对于shadow_variable的理解，你可以将其人为该数值表示的是1/(1-β)次的平均值，本次样本所占的权重为(1-decay)，上次样本所占权重为(1-decay)decay，上上次样本所占权重为(1-decay)decay^2，以此类推....

3.tf.train.ExponentialMovingAverage类的定义如下：

  def __init__(self, decay, num_updates=None, zero_debias=False,
               name="ExponentialMovingAverage"):
　def apply(self, var_list=None):

参数说明如下：

decay: Float. The decay to use.
num_updates: Optional count of number of updates applied to variables. actual decay rate used is: `min(decay, (1 + num_updates) / (10 + num_updates))
zero_debias: If `True`, zero debias moving-averages that are initialized with tensors.
name: String. Optional prefix name to use for the name of ops added in.
var_list: A list of Variable or Tensor objects. The variables and Tensors must be of types float16, float32, or float64.apply

通过调用apply()函数可以更新指数加权平均值。

二批量归一化的简单用法

上面的函数虽然参数不多，但是需要几个函数联合起来使用，于是TensorFlow中的layers模块里又实现了一次BN函数，相当于把几个函数合并到了一起，使用起来更加简单。
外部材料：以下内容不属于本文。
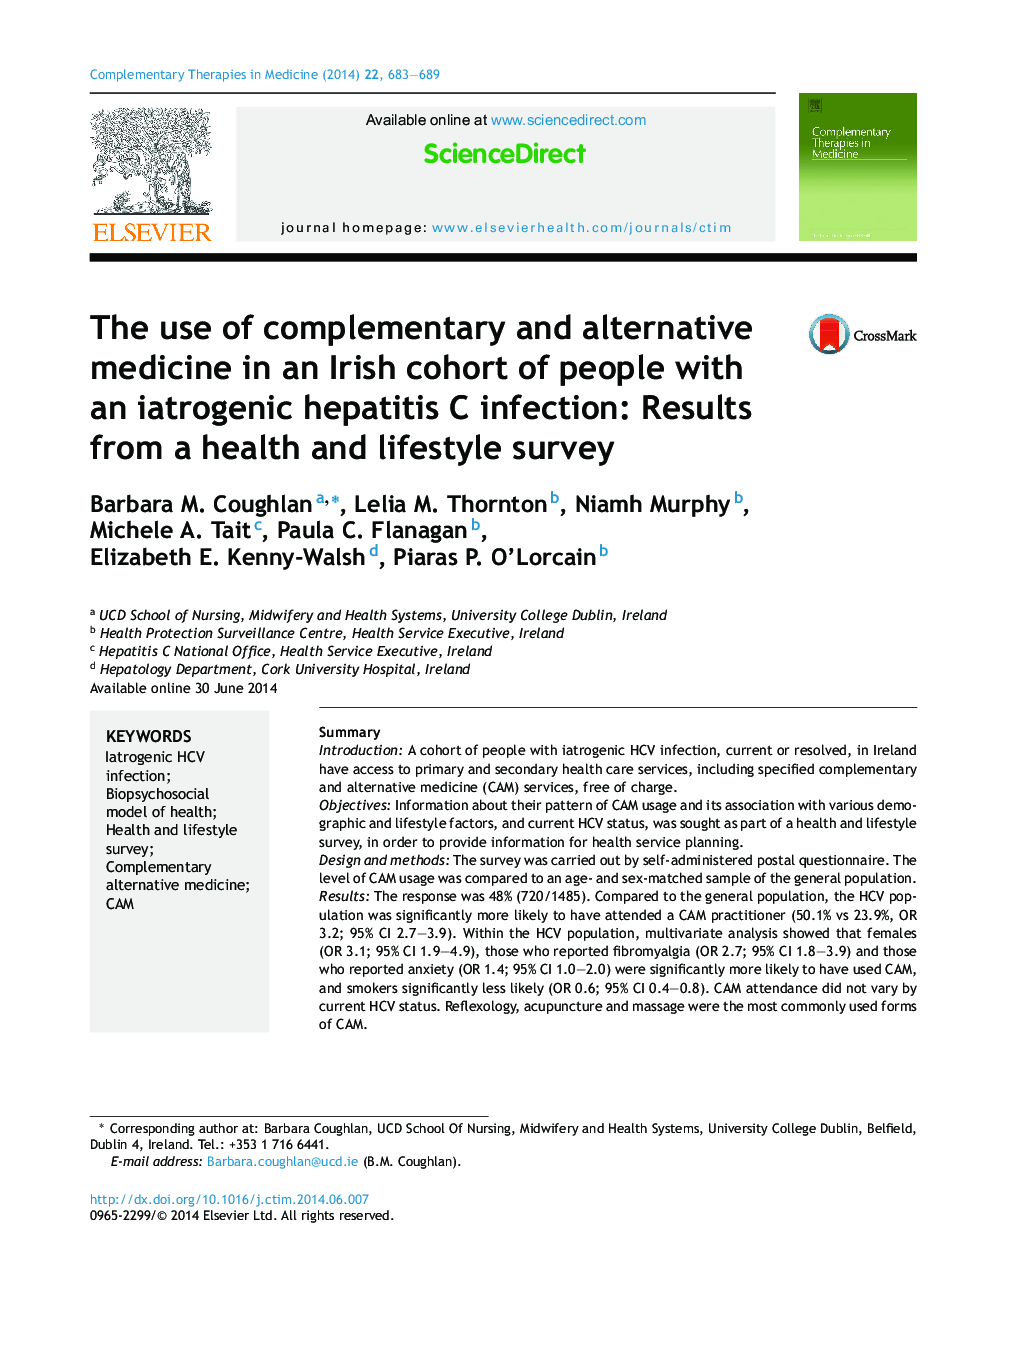 The use of complementary and alternative medicine in an Irish cohort of people with an iatrogenic hepatitis C infection: Results from a health and lifestyle survey

下面来介绍一下，使用时需要引入：

from tensorflow.contrib.layers.python.layers import batch_norm

或者直接调用tf.contrib.layers.batch_norm()，该函数的定义如下：

def batch_norm(inputs,
               decay=0.999,
               center=True,
               scale=False,
               epsilon=0.001,
               activation_fn=None,
               param_initializers=None,
               param_regularizers=None,
               updates_collections=ops.GraphKeys.UPDATE_OPS,
               is_training=True,
               reuse=None,
               variables_collections=None,
               outputs_collections=None,
               trainable=True,
               batch_weights=None,
               fused=False,
               data_format=DATA_FORMAT_NHWC,
               zero_debias_moving_mean=False,
               scope=None,
               renorm=False,
               renorm_clipping=None,
               renorm_decay=0.99):

参数说明如下：

inputs: A tensor with 2 or more dimensions, where the first dimension has `batch_size`. The normalization is over all but the last dimension if `data_format` is `NHWC` and the second dimension if `data_format` is `NCHW`.代表输入，第一个维度为batch_size
dacay:Decay for the moving average. Reasonable values for `decay` are close to 1.0, typically in the multiple-nines range: 0.999, 0.99, 0.9, etc. Lower `decay` value (recommend trying `decay`=0.9) if model experiences reasonably good training performance but poor validation and/or test performance. Try zero_debias_moving_mean=True for improved stability.代表加权指数平均值的衰减速度，是使用了一种叫做加权指数衰减的方法更新均值和方差。一般会设置为0.9，值太小会导致均值和方差更新太快，而值太大又会导致几乎没有衰减，容易出现过拟合，这种情况一般需要把值调小点。
center: If True, add offset of `beta` to normalized tensor. If False, `beta` is ignored. 指定是否使用偏移beta。
scale: If True, multiply by `gamma`. If False, `gamma` is not used. When the next layer is linear (also e.g. `nn.relu`), this can be disabled since the scaling can be done by the next layer.是否进行变换(通过乘以一个gamma进行缩放)，我们习惯在BN后面接一个线性变化，如Relu，所以scale一般都设置为Flase，因为后面有对数据的转换处理，所以这里就不用再处理了。
epsilon: Small float added to variance to avoid dividing by zero.是为了避免分母为0的情况下，给分母加上的一个极小值，默认即可。
activation_fn: Activation function, default set to None to skip it and maintain a linear activation.激活函数，默认为None，即使用线性激活函数。
param_initializers: Optional initializers for beta, gamma, moving mean and moving variance.可选的初始化参数。
param_regularizers: Optional regularizer for beta and gamma.可选的正则化项。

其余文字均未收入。